Stored data:
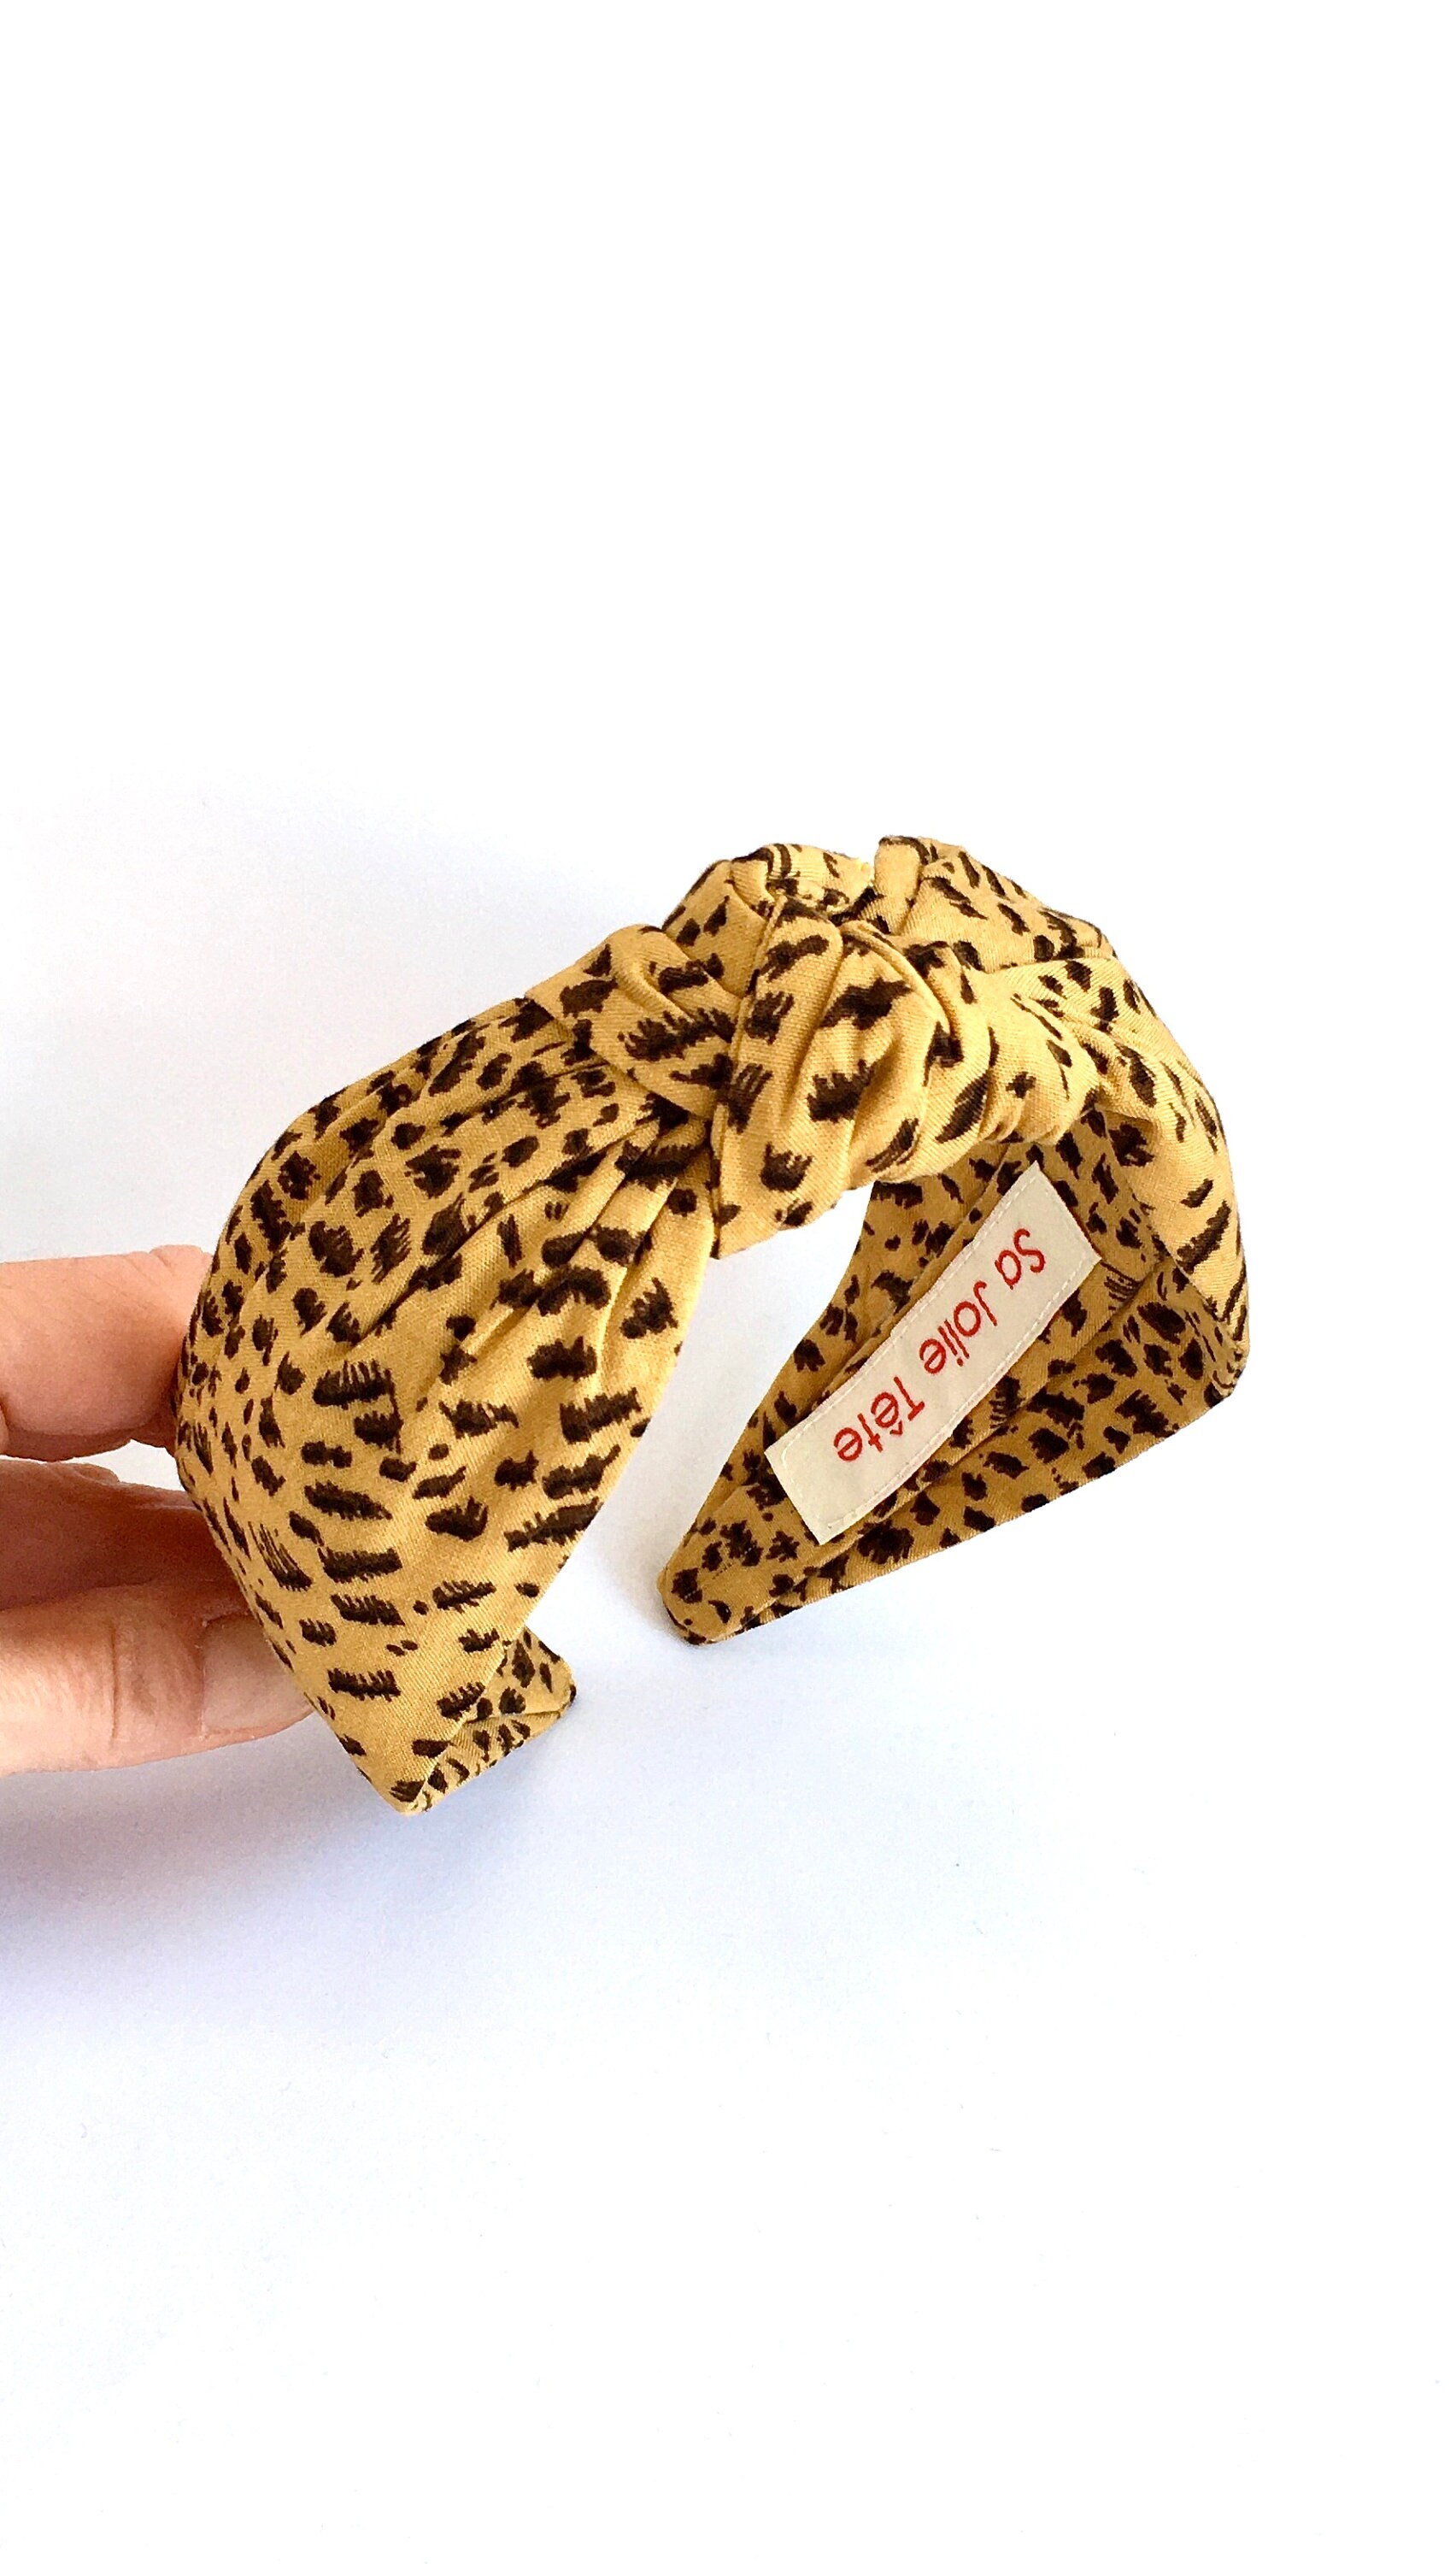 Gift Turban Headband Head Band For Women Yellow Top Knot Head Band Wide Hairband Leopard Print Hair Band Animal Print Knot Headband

--

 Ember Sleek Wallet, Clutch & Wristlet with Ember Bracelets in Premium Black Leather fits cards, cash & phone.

* * *

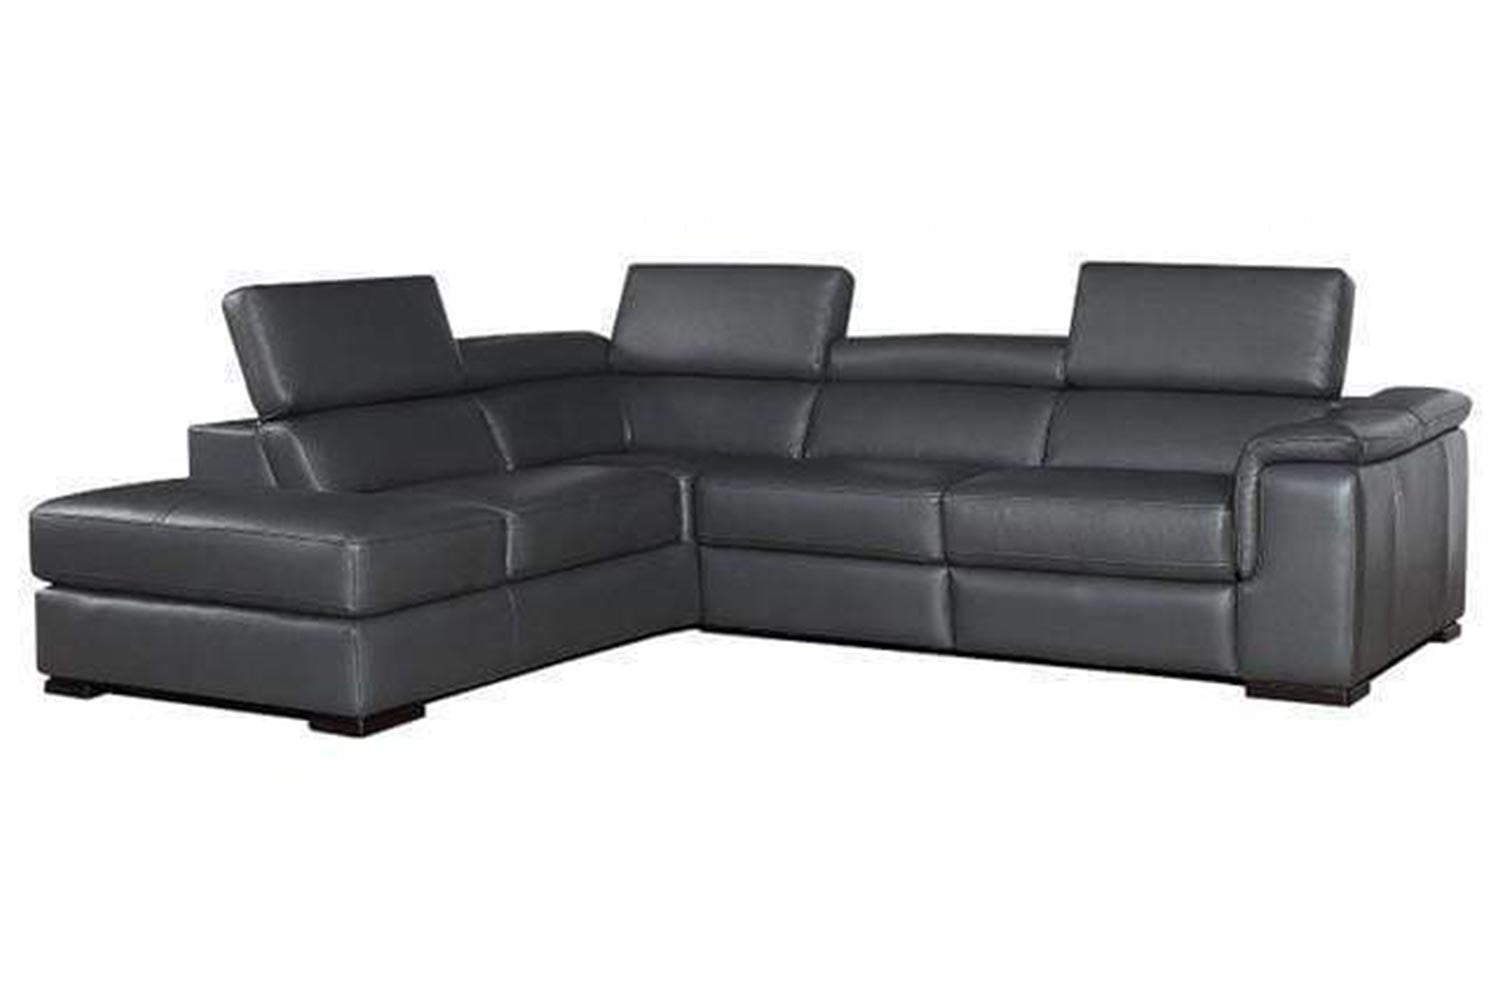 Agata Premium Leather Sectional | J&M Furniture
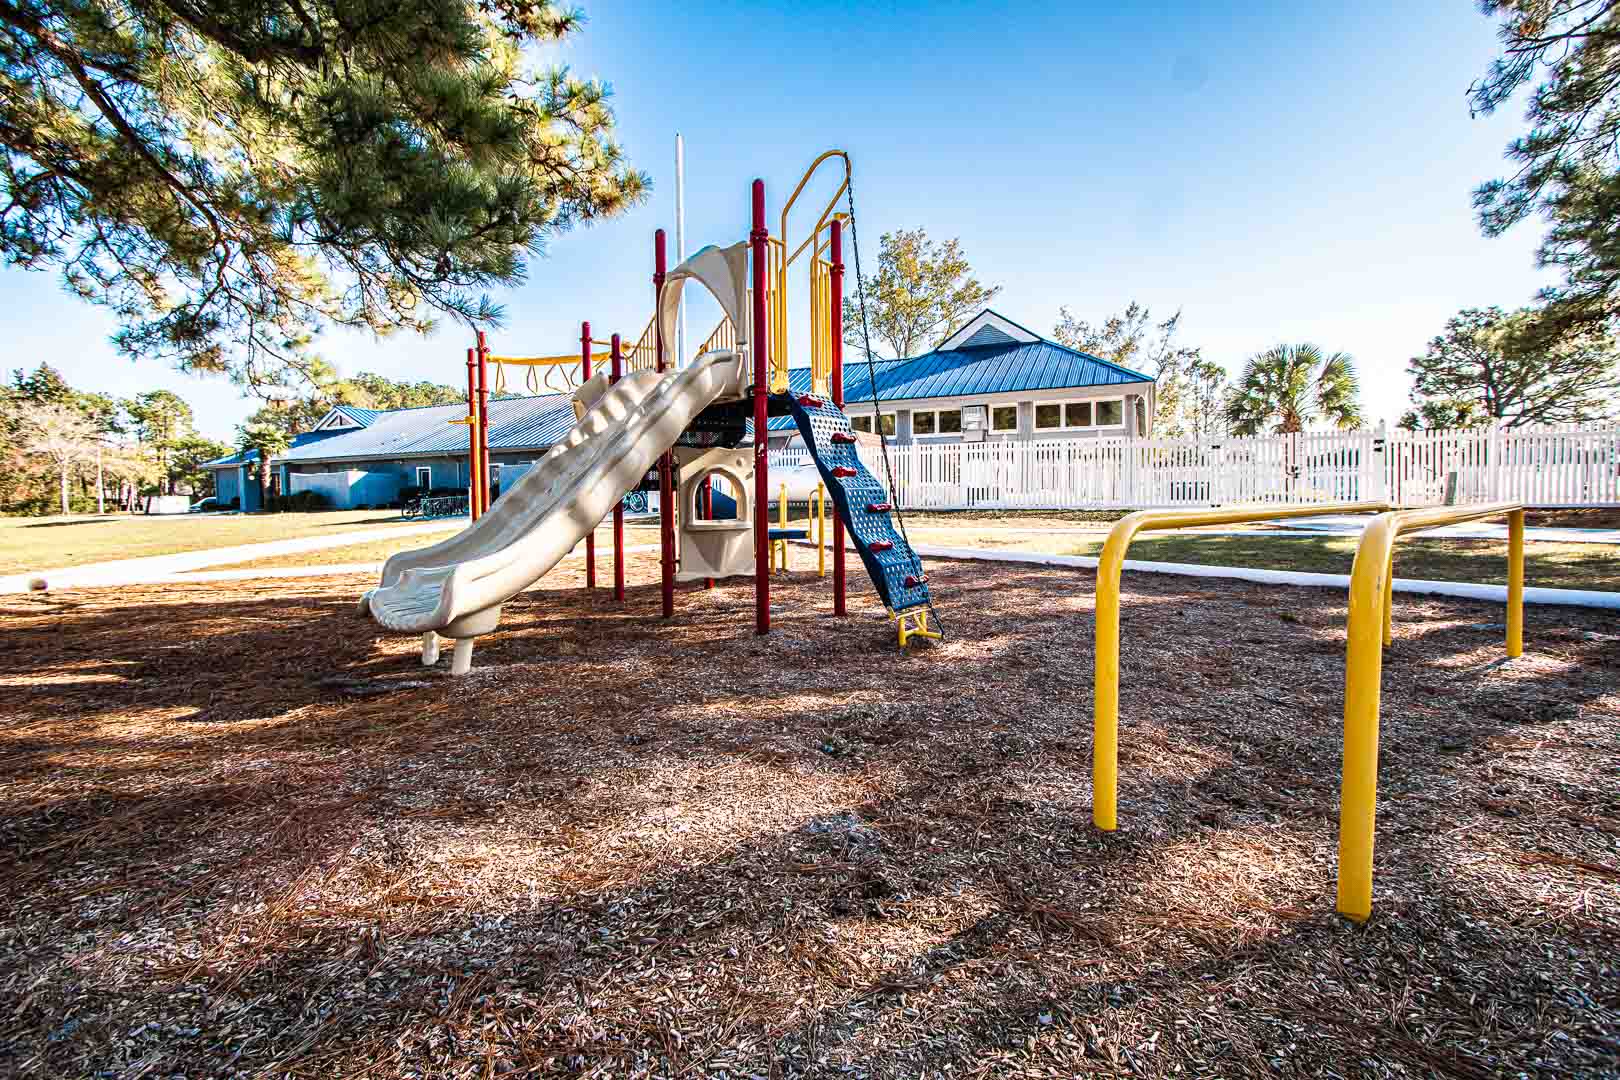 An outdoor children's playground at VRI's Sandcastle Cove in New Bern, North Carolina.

Requirement: Return, exactly as they stand, the lines above from the one with "Agata Premium Leather" to the one with "An outdoor children's", omitting any pictures among them.

Reply:
 Agata Premium Leather Sectional | J&M Furniture
 An outdoor children's playground at VRI's Sandcastle Cove in New Bern, North Carolina.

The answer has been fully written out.